Hypothesis testing is an inferential statistical technique to determine whether there is enough evidence in a data sample to infer that a certain condition holds true for the entire population.
1. Null Hypothesis (H0)
The null hypothesis is assumed to be true unless there is strong evidence to the contrary. No variation exists between variables. For example, a pharmaceutical company has introduced a medicine in the market for a particular disease, and people have been using it for a considerable period of time, and it’s generally considered safe. If the medicine is proved to be safe, then it is referred to as the null hypothesis.
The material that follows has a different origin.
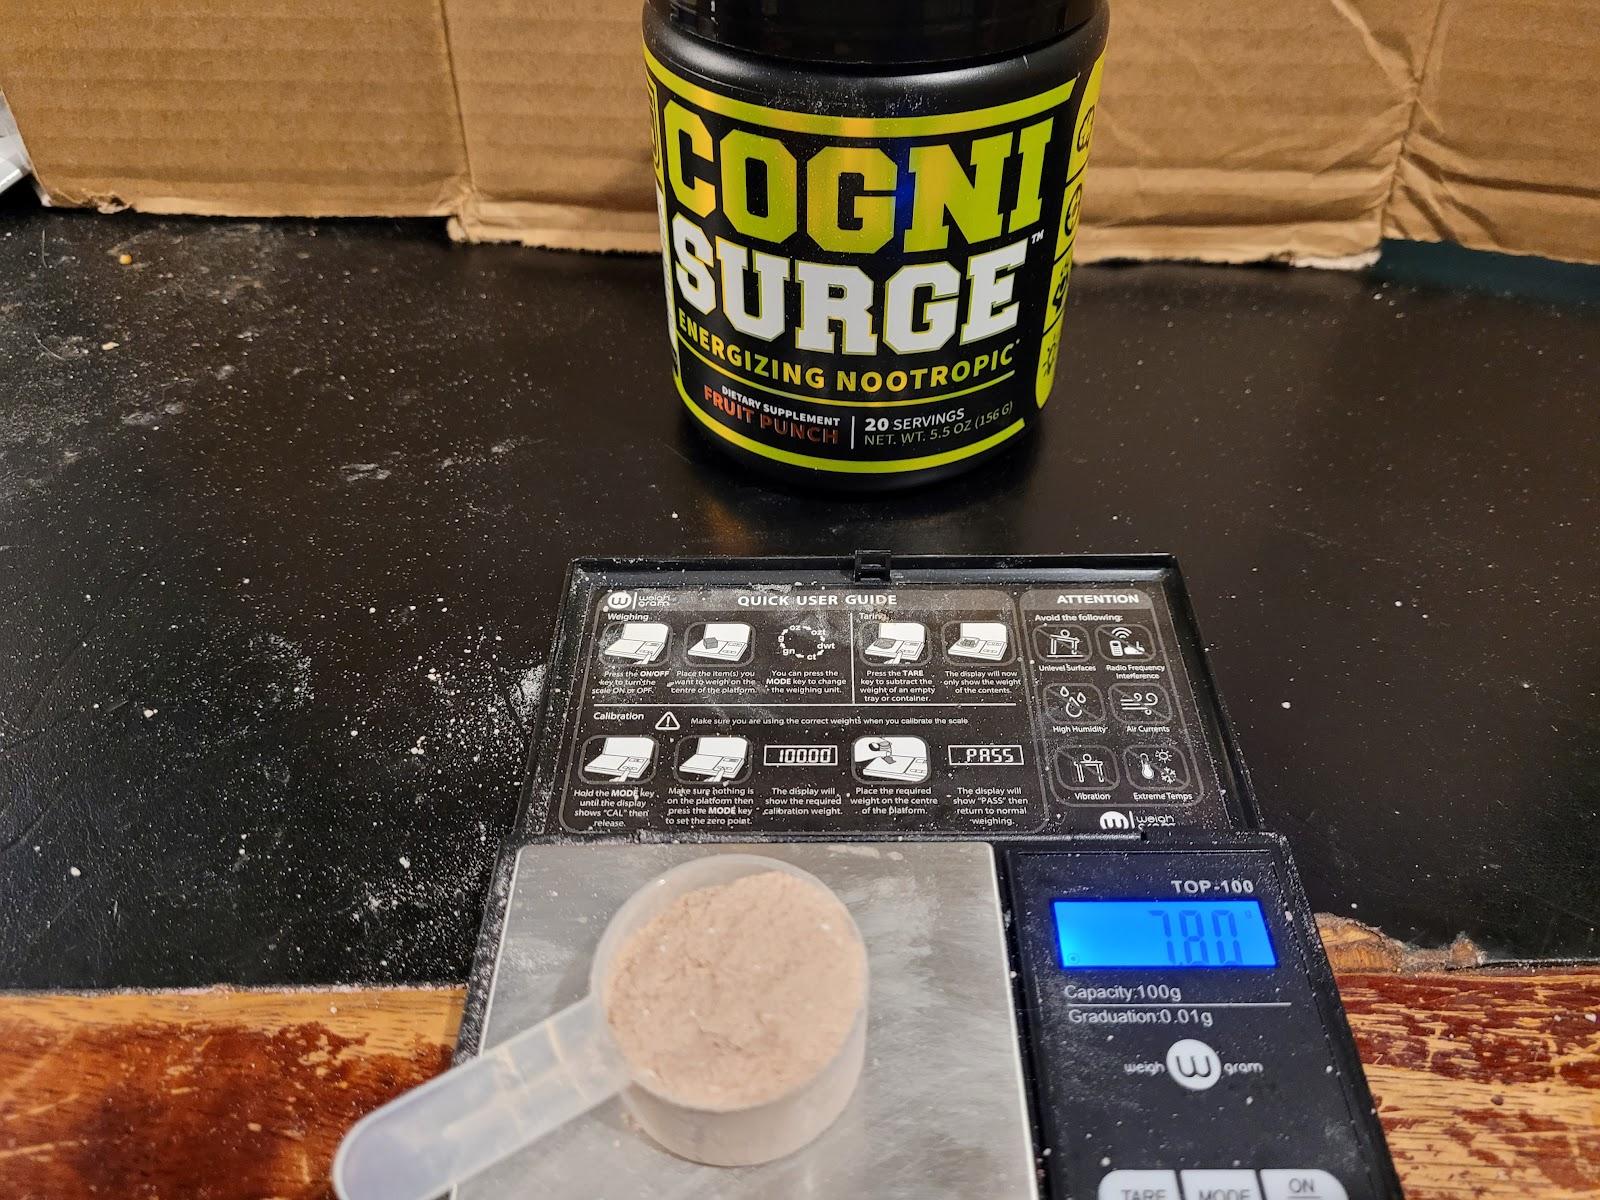 cognisurge scooper size
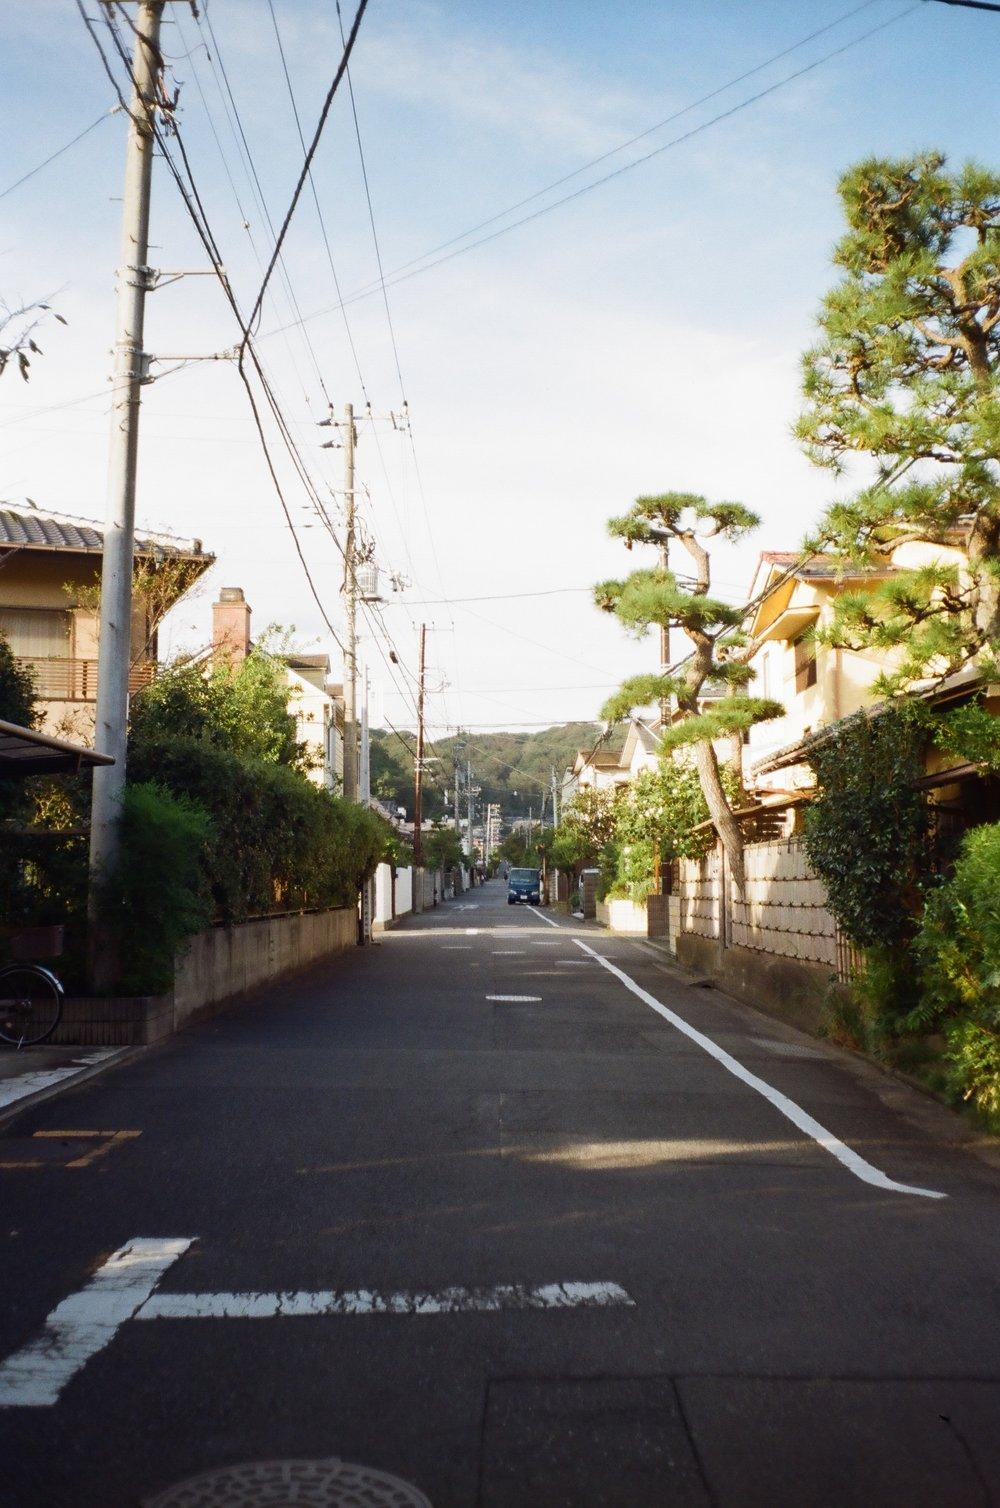 08-JAPON-argentic-Kamakura-octobre-2016-0016.jpg

2. Alternative Hypothesis (H1)
The alternative hypothesis is assumed to be true when the null hypothesis is proved false. Any hypothesis other than the null hypothesis. For example, a pharmaceutical company has introduced a medicine in the market for a particular disease, and people have been using it for a considerable period of time, and it’s generally considered safe. If the medicine is proved to be safe, then it is referred to as the null hypothesis. To reject the null hypothesis, we should prove that the medicine is unsafe. If the null hypothesis is rejected, then the alternative hypothesis is used.
This brings us to the end of the statistics data science tutorial. We hope that you were able to gain more insights into the topic and were able to learn statistics for data science.